▶ _Task_
Word for word, copy the lines from the one with "Offered for sale" to the last line of the data below, counting both, and keep every picture out.

▶ _Dataset excerpt_
- Opening Delimiter -
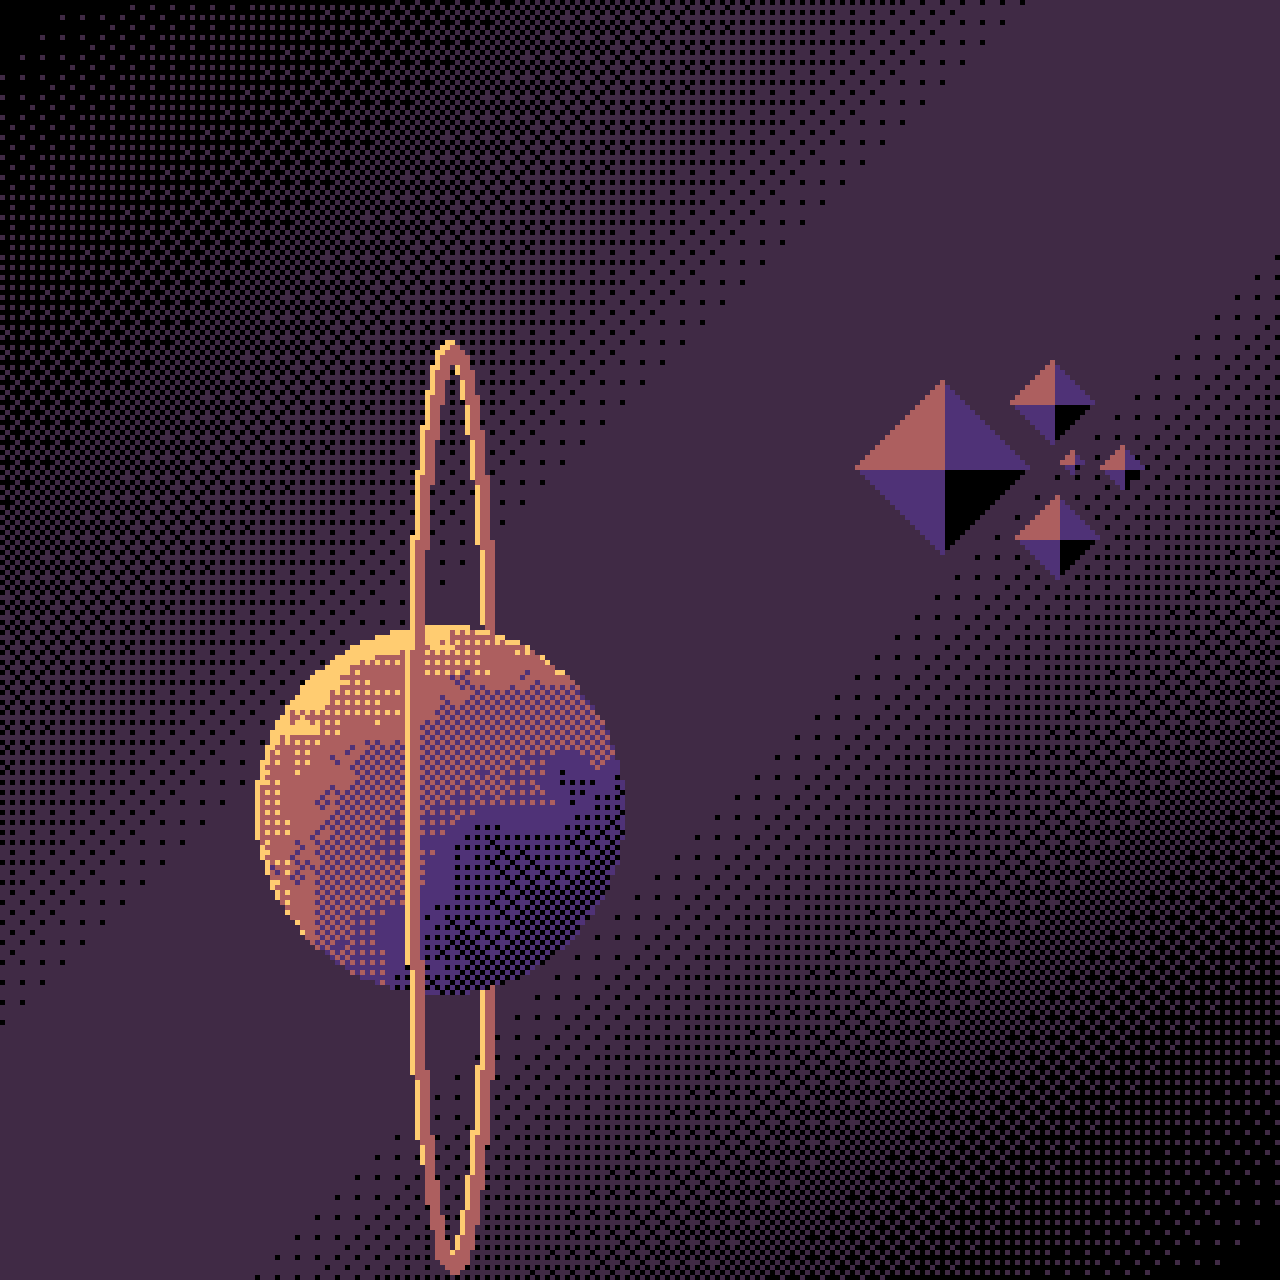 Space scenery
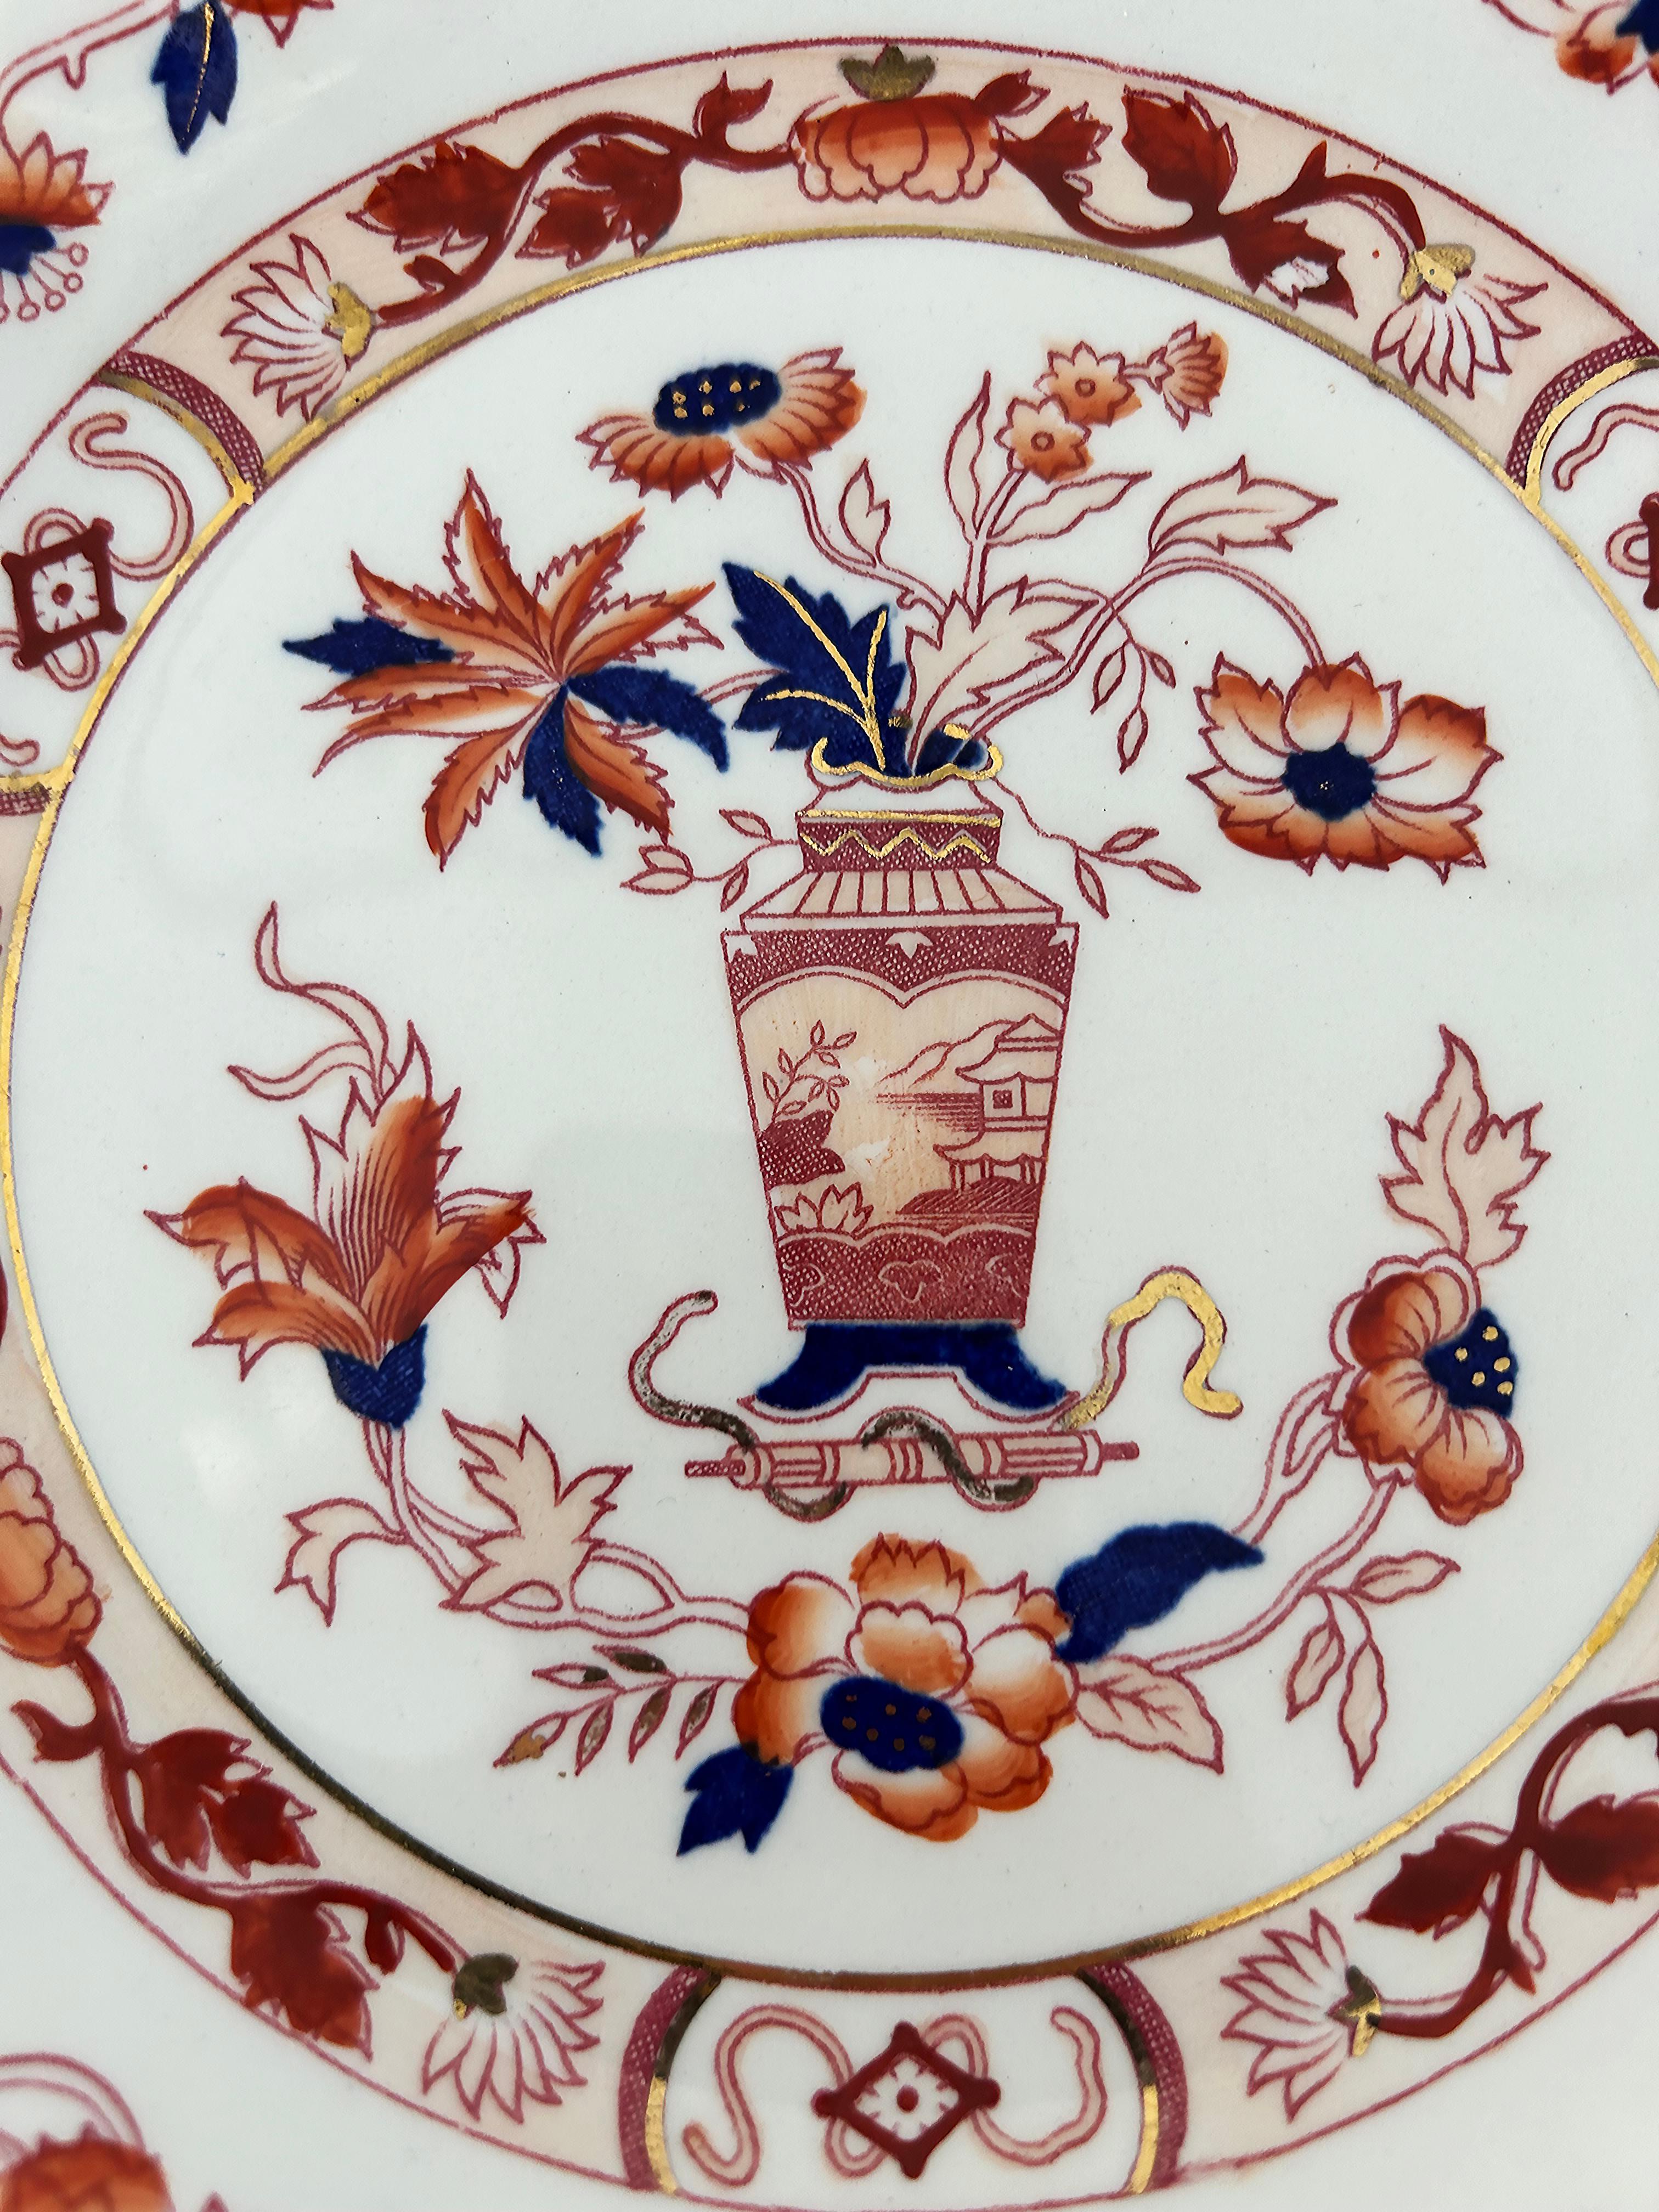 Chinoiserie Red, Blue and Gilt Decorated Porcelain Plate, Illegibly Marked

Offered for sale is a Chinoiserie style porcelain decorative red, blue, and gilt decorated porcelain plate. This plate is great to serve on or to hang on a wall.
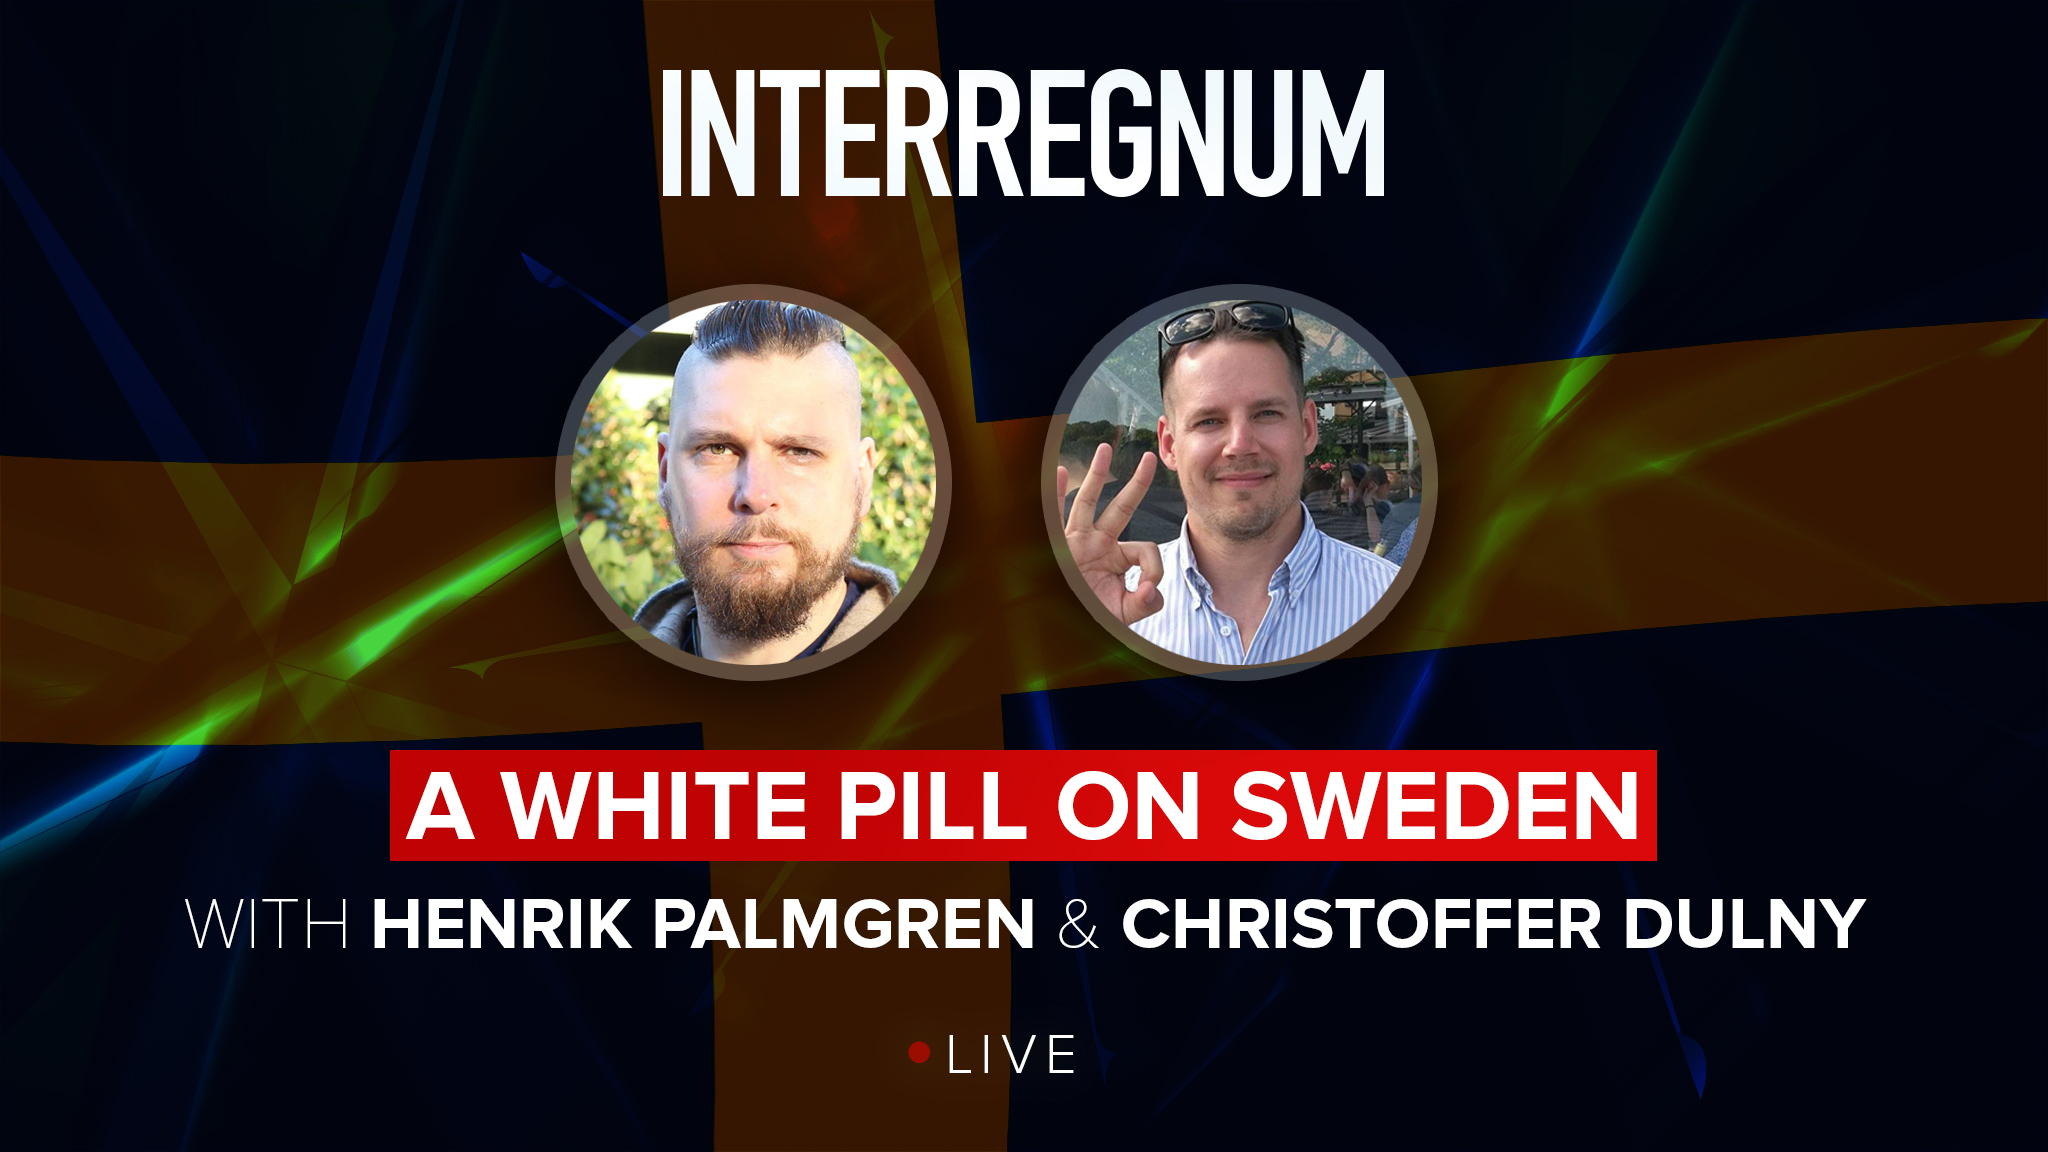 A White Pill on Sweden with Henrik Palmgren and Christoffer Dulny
- Closing Delimiter -
▶ _Answer space_
Offered for sale is a Chinoiserie style porcelain decorative red, blue, and gilt decorated porcelain plate. This plate is great to serve on or to hang on a wall.
 A White Pill on Sweden with Henrik Palmgren and Christoffer Dulny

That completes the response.